Paolo Rossi: «Arlecchino come voleva Strehler»
GRADISCA. Torna Paolo Rossi con il suo “Arlecchino”: oggi alle 21, lo spettacolo sarà al Nuovo Teatro Comunale di Gradisca d’Isonzo. Scritto insieme a Riccardo Piferi e prodotto da Crt Milano, vede in scena anche i musicisti Emanuele Dell'Aquila (sue le musiche originali dello spettacolo), Alex Orciari e Stefano Bembi. L’impianto scenico è dello stesso Rossi insieme ad Andrea Stanisci, mentre le canzoni portano la firma del cantautore Gianmaria Testa.

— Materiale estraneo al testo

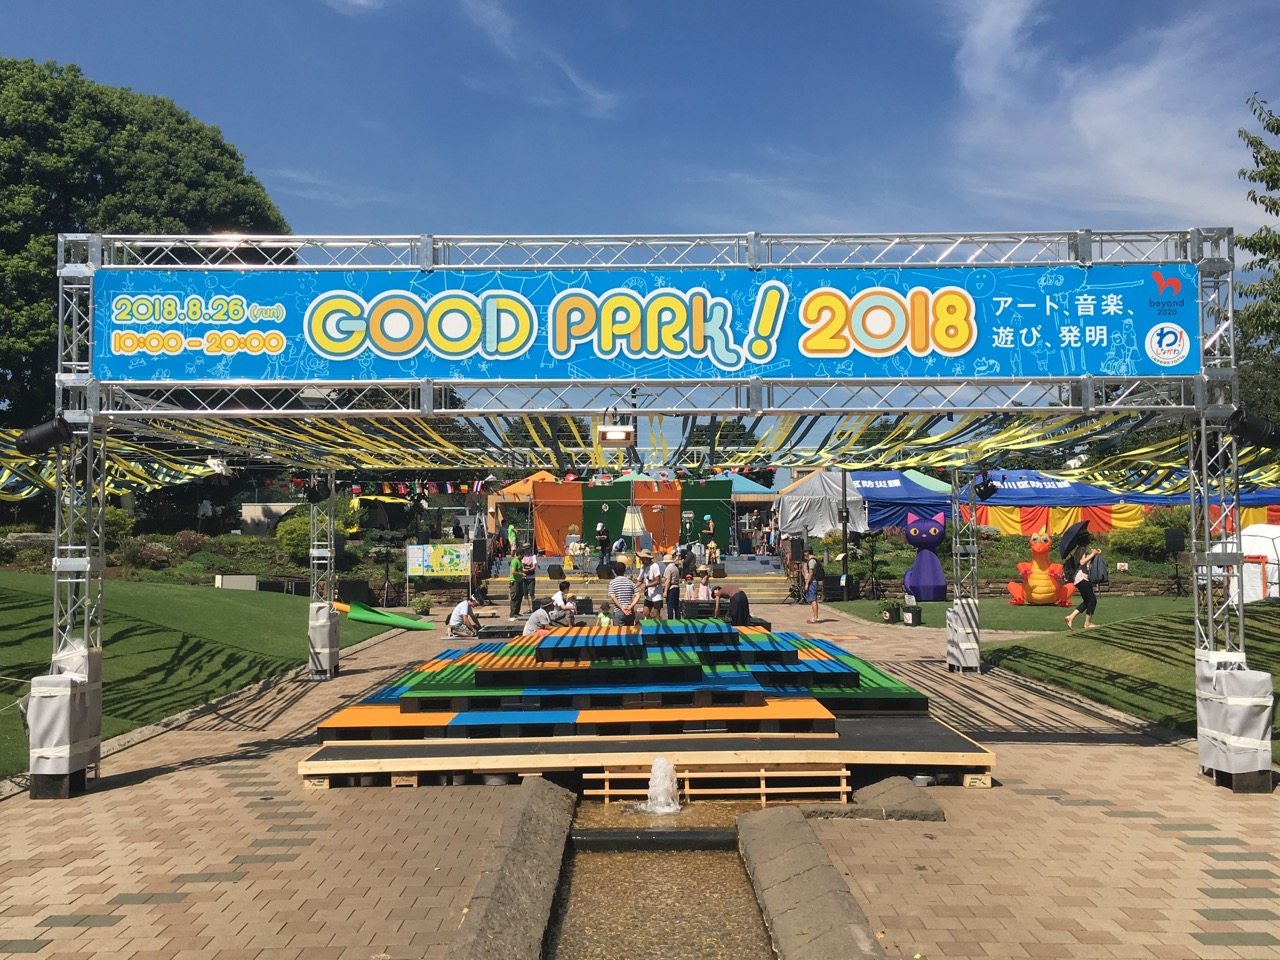 GOOD PARK! 2018

Il titolo di questo spettacolo potrebbe anche essere “Opinioni di un Arlecchino”, sicuramente influenzato dal romanzo di Heinrich Böll. A dirlo è lo stesso Rossi, che continua: «Così è. Capitano nella vita libri nei quali è inevitabile identificarsi con la vita del protagonista. E capita anche che ti venga voglia di riraccontarla, raccontando te stesso o viceversa. Certo, nell’opera di Böll, il clown si serviva di una maschera per far critica ad un paese che stava nel cuore di un miracolo economico; per il mio Arlecchino la situazione è capovolta. Ma il percorso di certi comici – quando scelgono di essere voce fuori dal coro e anche se ognuno prende la propria strada - parte comunque dalla stessa via. Del resto spesso dietro ad un racconto, una commedia, un film, si nasconde la struttura di un’altra commedia, di un altro racconto, di un altro film. Nel mio mestiere, ho imparato che quando arriva qualcuno a propormi un’idea che non ha mai avuto nessuno, subito devo rispondere: se non l’ha avuta nessuno, un motivo ci dovrà pur essere. Il mio Arlecchino, anche se suggestionato da un racconto, è una questione molto personale. Anni fa Giorgio Strehler, con cui ebbi l’onore di collaborare nei suoi ultimi anni di vita, mi spinse a confrontarmi con questa maschera. Mi diede alcuni consigli illuminanti: “cerca di adattare al saltimbanco i tuoi monologhi da stand-up. Che cosa resterà? Da lì improvvisa e assembla… non essere filologico, fallo tuo, se proprio vuoi pensa al primo Arlecchino, quello che andava e veniva dall’aldilà all’aldiquà, più infernale e sulfureo”».
Ancora Rossi: «Il destino non volle che si portasse a compimento questa impresa, ma ora si ripresenta l’occasione e chiaramente tengo a mente quei consigli lontani. Non solo. Voglio approfondire un mio modo di vedere e far conoscere il teatro popolare… Così come ho fatto nei miei ultimi lavori, come ho descritto nel mio libro “La commedia è finita”. Per questo nel mio “Arlecchino” saranno presenti l’attore, il personaggio – o se volete la maschera, anche senza maschera – e la persona che lo interpreta. Sarà uno spettacolo del tipo in prova. Assieme ad un paio di compagni d’avventura, saltimbanchi musicanti, cercheremo di immaginare insieme al pubblico come adattare a commedia dell’arte il nostro mestiere e anche parte del nostro repertorio; come possiamo trovare nuove strade, dati i tempi in cui vivono i nostri teatri. Come capitò a molte compagnie nei tempi d’oro della commedia dell’arte, queste strade potrebbero portare anche all’estero, oppure per strada, punto e basta».